Using the [Sentence Polarity dataset](https://www.kaggle.com/datasets/nltkdata/sentence-polarity), train and evaluate different sentiment classsifier models that can predict whether given review is leaning **positive** or **negative**

The project goes through:
1. Data Preprocessing and Cleaning
2. Feature Extraction
3. Model Trainning and Evaluation with Cross-Validation
4. Hyperparameter Tuning

# Setup

## Import Libraries

In [5]:
import numpy as np
import pandas as pd
import random
import nltk
import re

from nltk.stem import WordNetLemmatizer
from nltk.corpus import stopwords
from nltk.tokenize import word_tokenize
nltk.download('punkt_tab')

# Downloading necessary NLTK resources
nltk.download('stopwords')  # List of common stop words in English
nltk.download('punkt')  # Pre-trained tokenizer models
nltk.download('wordnet')  # WordNet lemmatizer dataset

# Libraries for text feature extraction and model training
from sklearn.feature_extraction.text import TfidfVectorizer
from sklearn.linear_model import LogisticRegression
from sklearn.svm import LinearSVC

# Libraries for model evaluation
from sklearn.metrics import classification_report, accuracy_score, confusion_matrix
from sklearn.model_selection import KFold, cross_val_score

[nltk_data] Downloading package punkt_tab to /root/nltk_data...
[nltk_data]   Package punkt_tab is already up-to-date!
[nltk_data] Downloading package stopwords to /root/nltk_data...
[nltk_data]   Package stopwords is already up-to-date!
[nltk_data] Downloading package punkt to /root/nltk_data...
[nltk_data]   Package punkt is already up-to-date!
[nltk_data] Downloading package wordnet to /root/nltk_data...
[nltk_data]   Package wordnet is already up-to-date!


## Load Dataset

### Kaggle

Ensure that you create a KAGGLE_USERNAME and KAGGLE_KEY secret.

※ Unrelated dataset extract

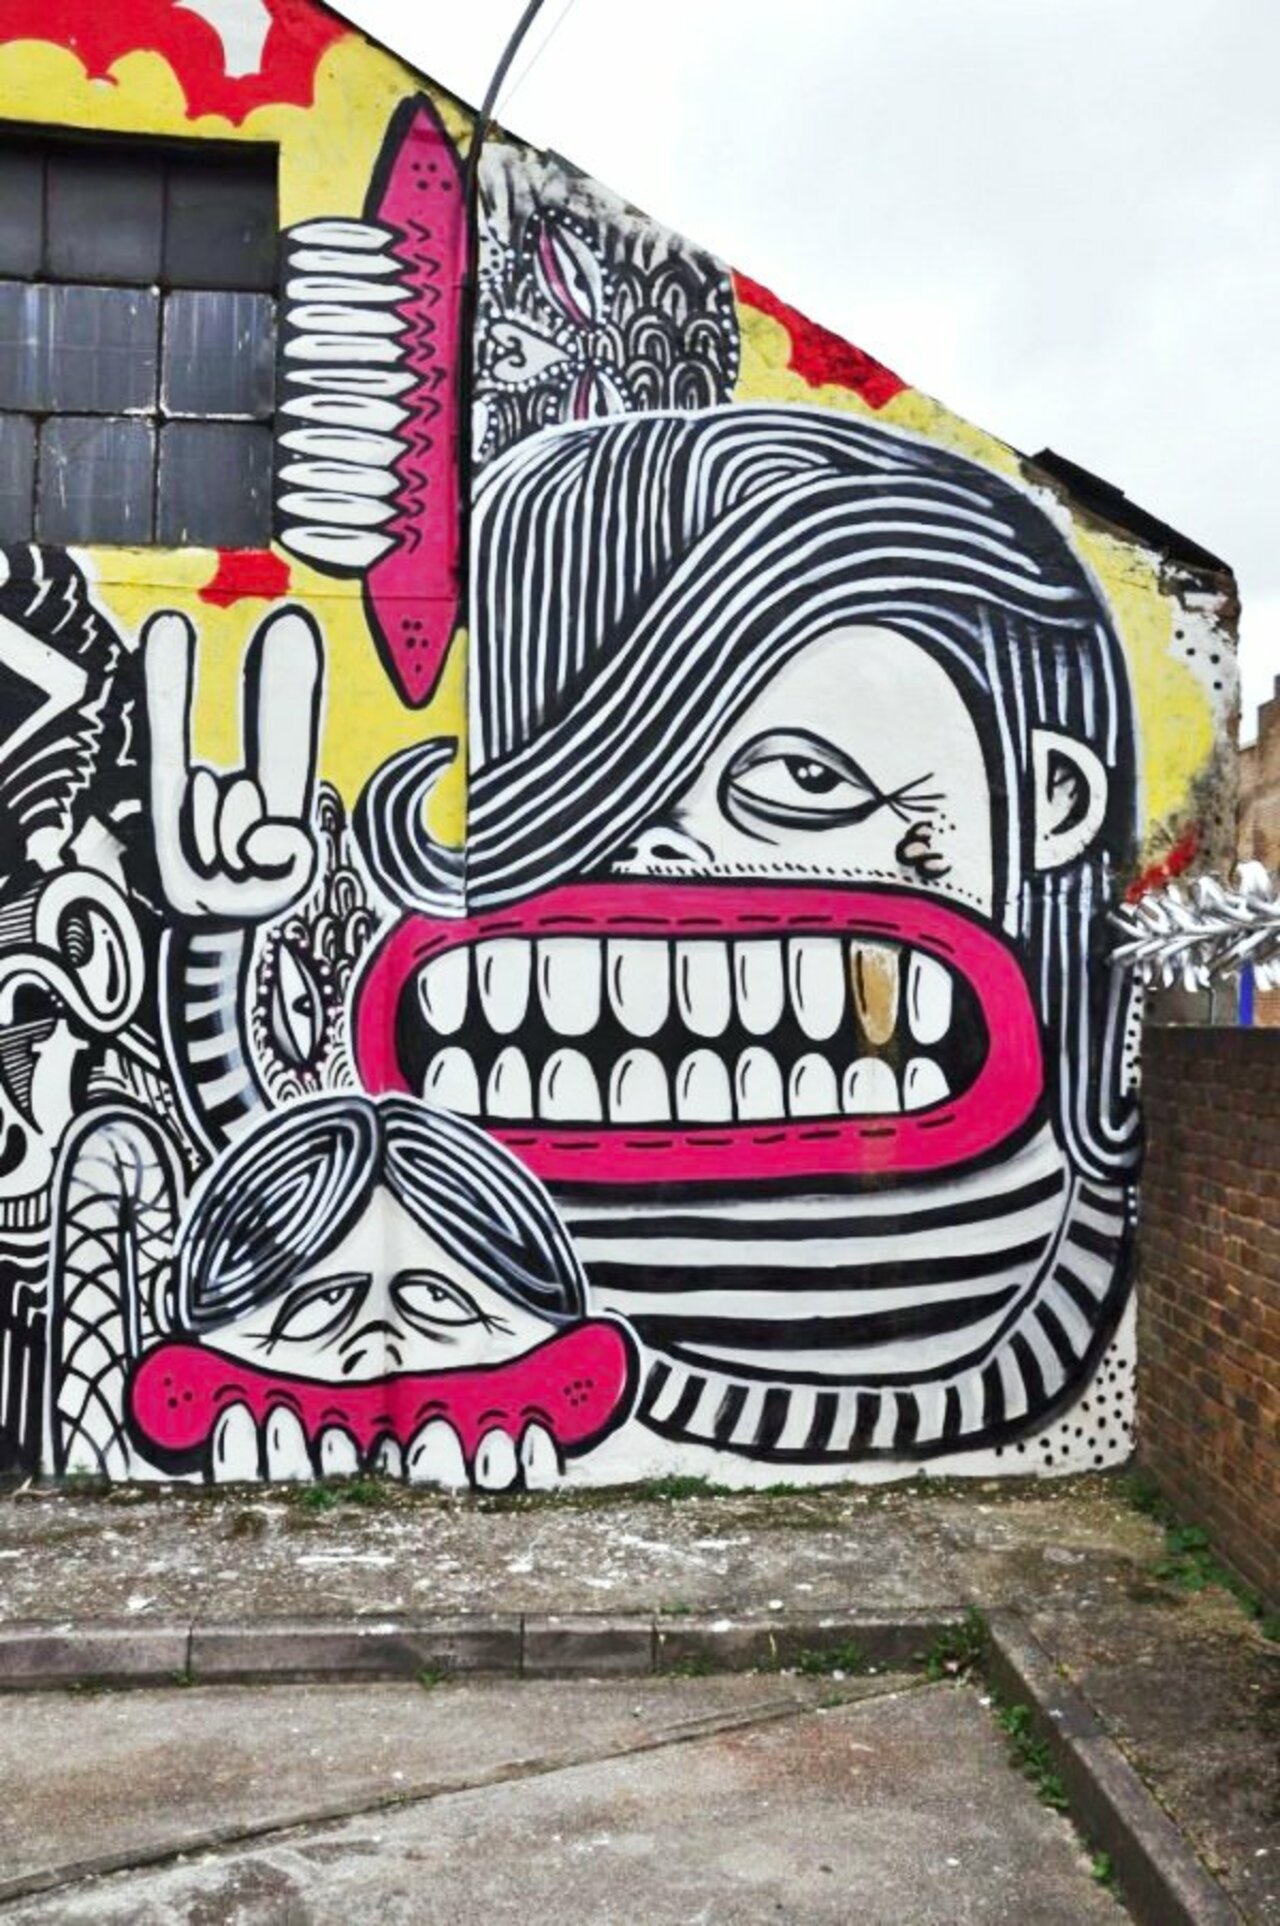 #Streetart  #urbanart #graffiti #mural by English #artist Sweet Toof, https://t.co/kIYY3DTvrk
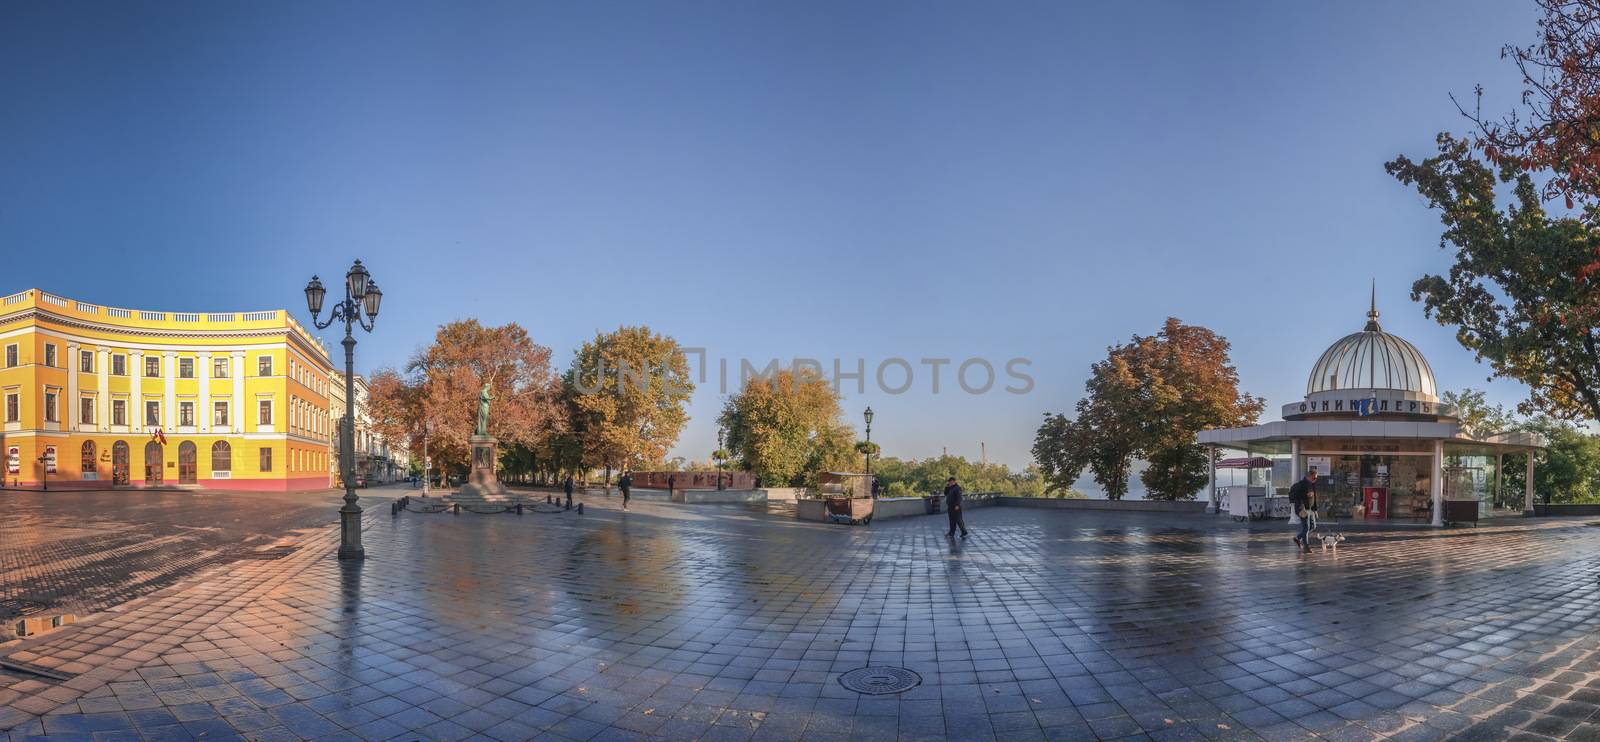 Odessa seaside boulevard in the autumn morning by Multipedia

You can get a username and key by generating an API Token from Kaggle (Settings -> API).

In [2]:
import os
import json
from google.colab import userdata

KAGGLE_USERNAME = userdata.get('KAGGLE_USERNAME')
KAGGLE_KEY = userdata.get('KAGGLE_KEY')

# Create kaggle.json from your secrets
os.makedirs(os.path.expanduser("~/.kaggle"), exist_ok=True)
with open(os.path.expanduser("~/.kaggle/kaggle.json"), "w") as f:
    json.dump({
        "username": KAGGLE_USERNAME,
        "key": KAGGLE_KEY
    }, f)

!chmod 600 ~/.kaggle/kaggle.json


In [3]:
!kaggle datasets download -d nltkdata/sentence-polarity

Dataset URL: https://www.kaggle.com/datasets/nltkdata/sentence-polarity
License(s): other
Downloading sentence-polarity.zip to /content
  0% 0.00/488k [00:00<?, ?B/s]
100% 488k/488k [00:00<00:00, 617MB/s]


In [4]:
!unzip sentence-polarity.zip

Archive:  sentence-polarity.zip
  inflating: sentence_polarity/README.txt  
  inflating: sentence_polarity/rt-polarity.neg  
  inflating: sentence_polarity/rt-polarity.pos  


### Read Datafiles

In [9]:
# Read the positive and negative sentiment files
df_sent_pos = pd.read_csv('sentence_polarity/rt-polarity.pos',
                          sep='\t', header=None)
  # Positive sentiment sentences
df_sent_neg = pd.read_csv('sentence_polarity/rt-polarity.neg', sep='\t', header=None)
  # Negative sentiment sentences

print(df_sent_pos.shape)
print(df_sent_neg.shape)
df_sent_pos.head()

(5331, 1)
(5331, 1)


Unnamed: 0,0
0,the rock is destined to be the 21st century's ...
1,"the gorgeously elaborate continuation of "" the..."
2,effective but too-tepid biopic
3,if you sometimes like to go to the movies to h...
4,"emerges as something rare , an issue movie tha..."


In [10]:
# Rename the column to 'sentence'
df_sent_pos.rename(columns={0: "sentence"}, inplace=True)
df_sent_neg.rename(columns={0: "sentence"}, inplace=True)

# Data Preprocessing

In [11]:
# Define the preprocessing function
def preprocess_text(sentences):
    # Convert all tokens to lowercase
    sentences = [sentence.lower() for sentence in sentences]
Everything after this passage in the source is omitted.